That is good news about the quota, but I don't see a way to not send these short of storing state for each alert.

@SuperQ Can you chime in here?

@kadaan
Copy link
Author

kadaan commented Jan 3, 2025

@jcs Pending feedback from Prometheus developers, what is your feeling of this feature moving forward if keeping state is not permitted?

@kadaan
Copy link
Author

kadaan commented Jan 3, 2025

At least in the configs that I have seen, it is common that the priority is a template. One example is having a template which sets the priority to 2 if the alert is firing and the severity label is critical, 1 if it is firing and severity is not critical, and 0 otherwise. There are "hacky" ways that we could reduce the number of calls to cancel_by_tag (ie. check if 2 is in the template).

Alternatively we could introduce a config option on the receiver which would enable cancellation support. Users could configure alertmanager to have separate receiver which only handles those alerts which are critical. That receiver could still only include tags on messages with priority 2, but always send the cancel_by_tag message. This would ensure we will not abuse the Pushover API, but does require user's to correctly configure the system. Nothing would prevent them from configuring it so that a cancel_by_tag message is sent for every alert that is resolved.

@grobinson-grafana
Copy link
Contributor

Ugh. I realize one of the issues here is that the priority in the alert is a template. Ideally we would only send the cancellation if the original alerts was emergency priority, but that is basically impossible to know without record keeping, and record keeping seems like it would be undesirable. The other alternative is to always send a cancel_by_tag message on resolution. @jcs Does the cancel_by_tag message count against user's quotas? I would hate to add this feature and effectively reduce their quota by 1/3.

I think I can add some clarification here. Alertmanager does not officially support alert prioritization. Instead, it just has opaque key/value pairs via annotations and labels. As such, there is not way to really determine the priority of an alert, if that's what you would like to do. For example, some users might use a "priority" annotation, but other users might use an annotation with a completely different name. But importantly, Alertmanager does not reserve names for such things.
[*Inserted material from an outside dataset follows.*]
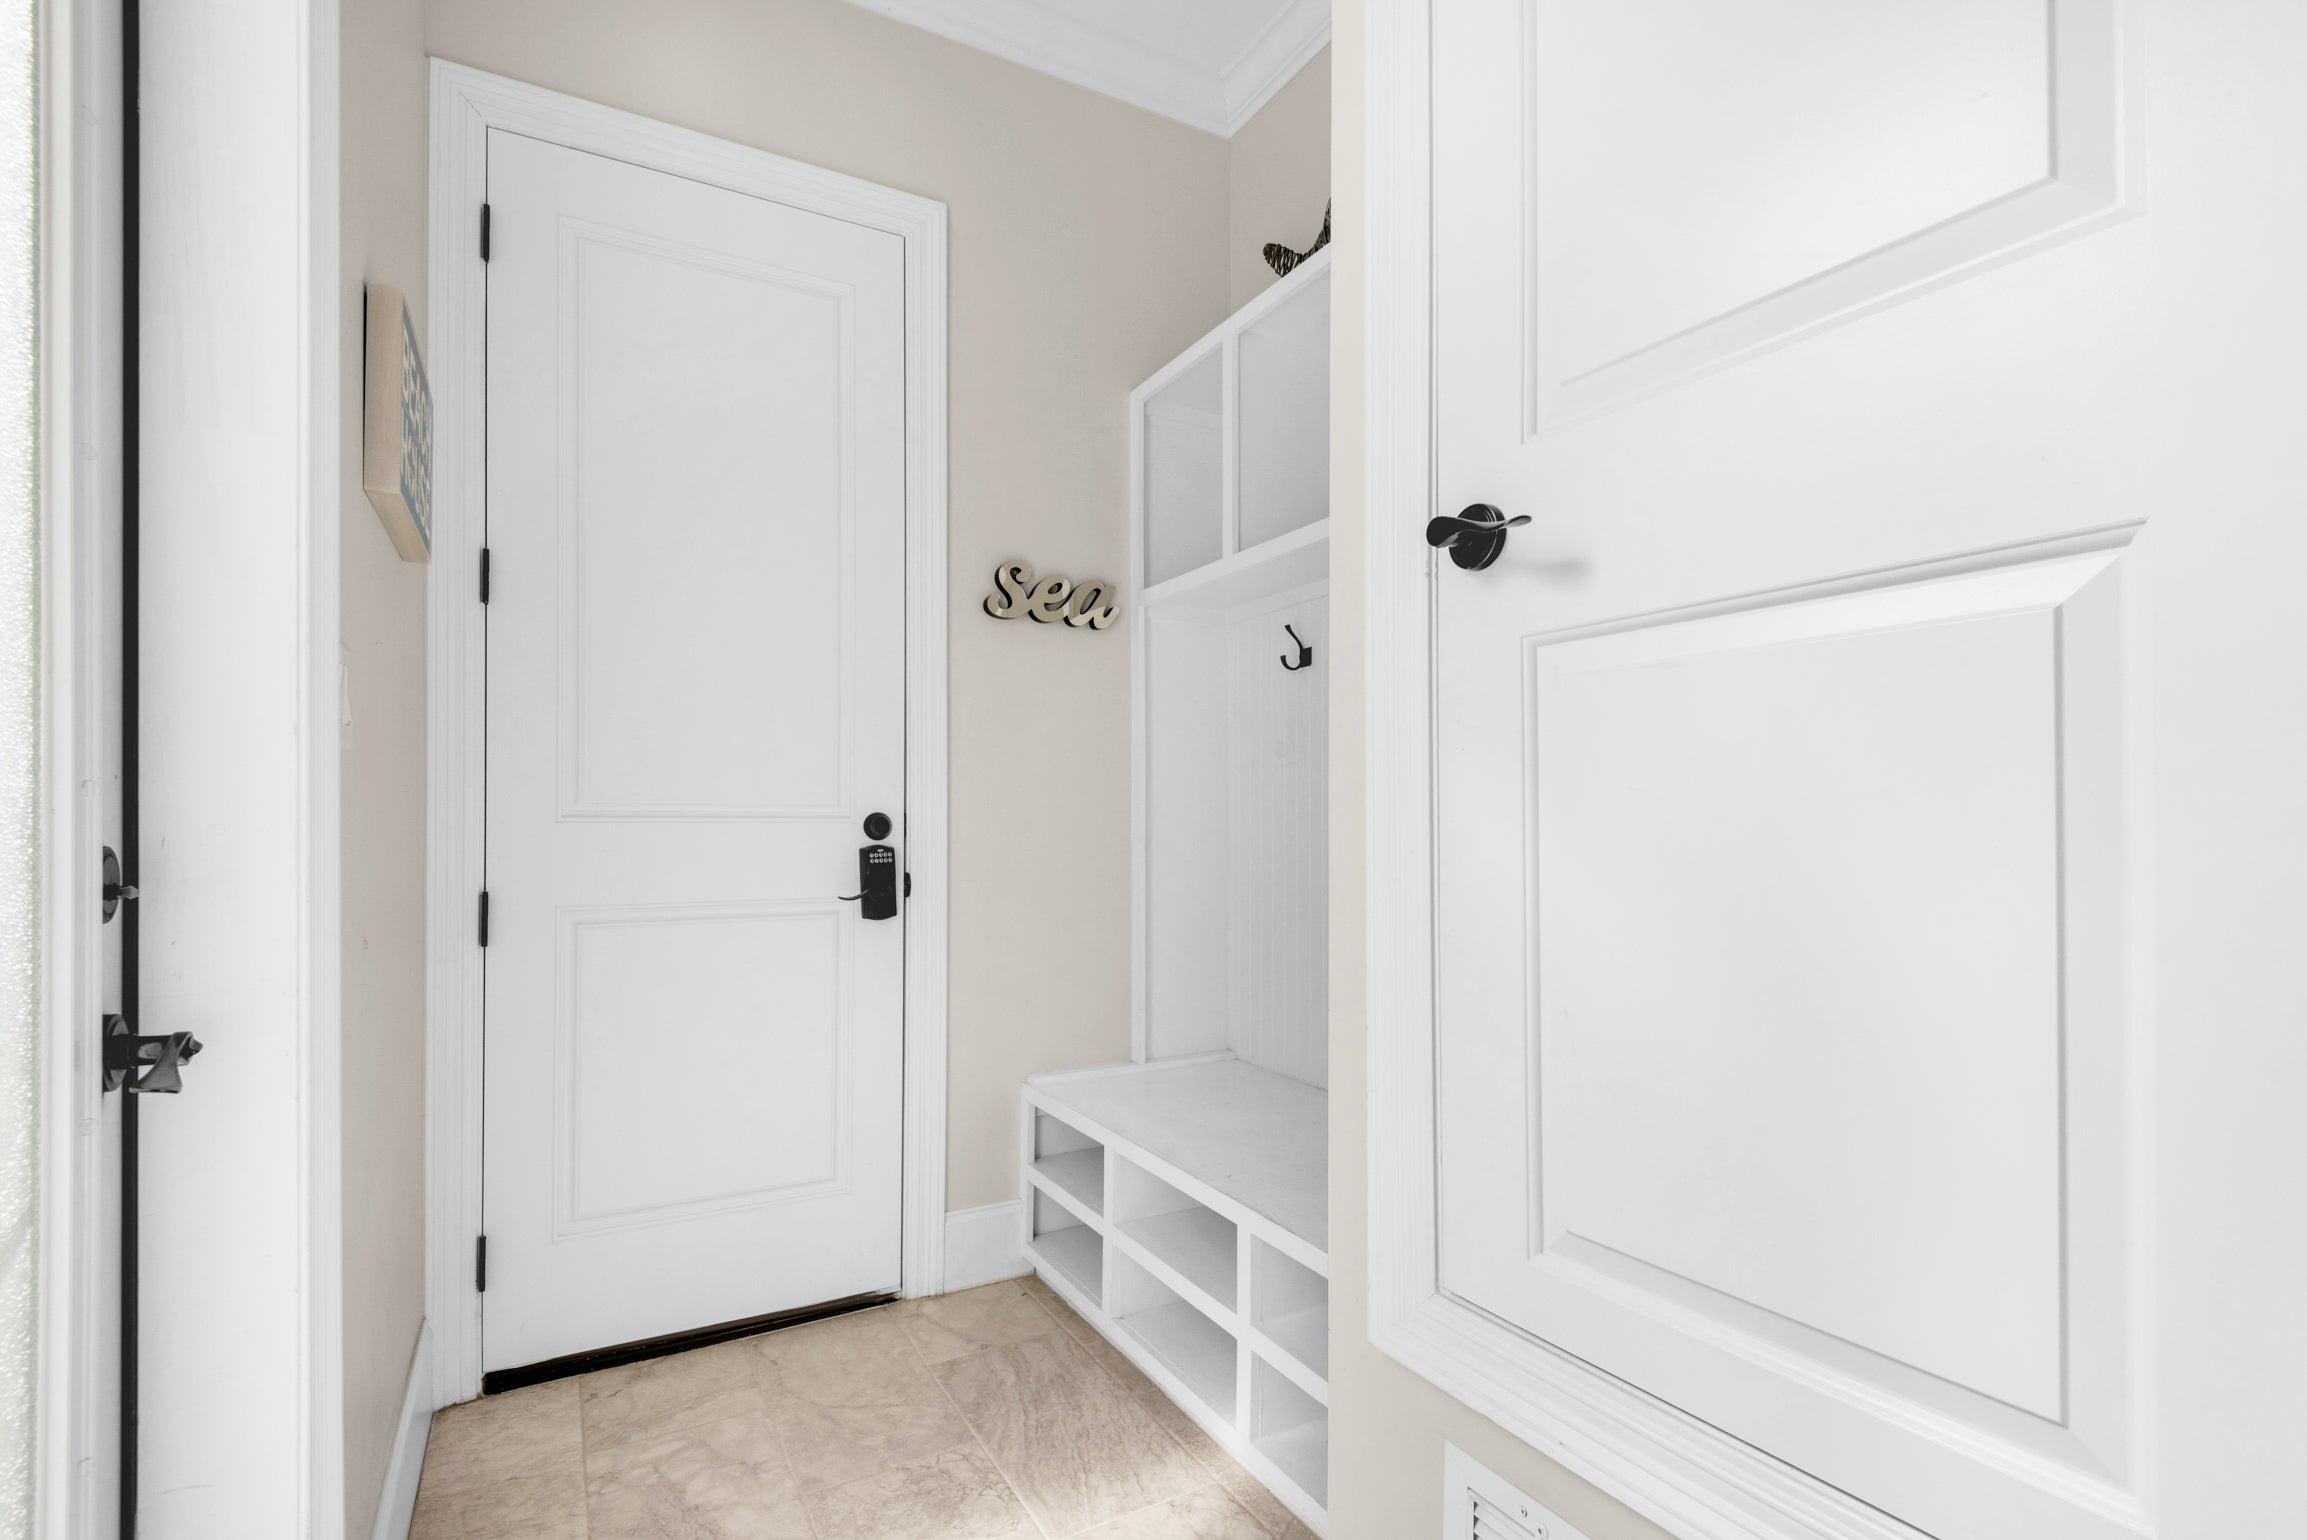 Mudroom to kick off your sandy shoes

Priorities are only a feature of some integrations, such as Pushover. However, they are more of an output rather than an input. I.e. "given this set of alerts, what is the priority of this notification?". The nice thing about this is that it lets users use templates to implement their own logic to decide if a notification is a priority or not.

@grobinson-grafana
Copy link
Contributor

That is good news about the quota, but I don't see a way to not send these short of storing state for each alert.

@SuperQ Can you chime in here?

I'm not sure I understand why you need to store state though?

@kadaan
Copy link
Author

kadaan commented Jan 5, 2025

@grobinson-grafana Thanks for including that information to ensure that we are all on the same page in this discussion.

As for storing state, it was mentioned in the context of the prior statements. Let me recap.

Pushover supports messages having priority. Priority can be -2 to 2. Priority of 2 indicates an emergency and affects how Pushover handles the message, with one of the behaviors being it will keep alerting you unless you acknowledge the message.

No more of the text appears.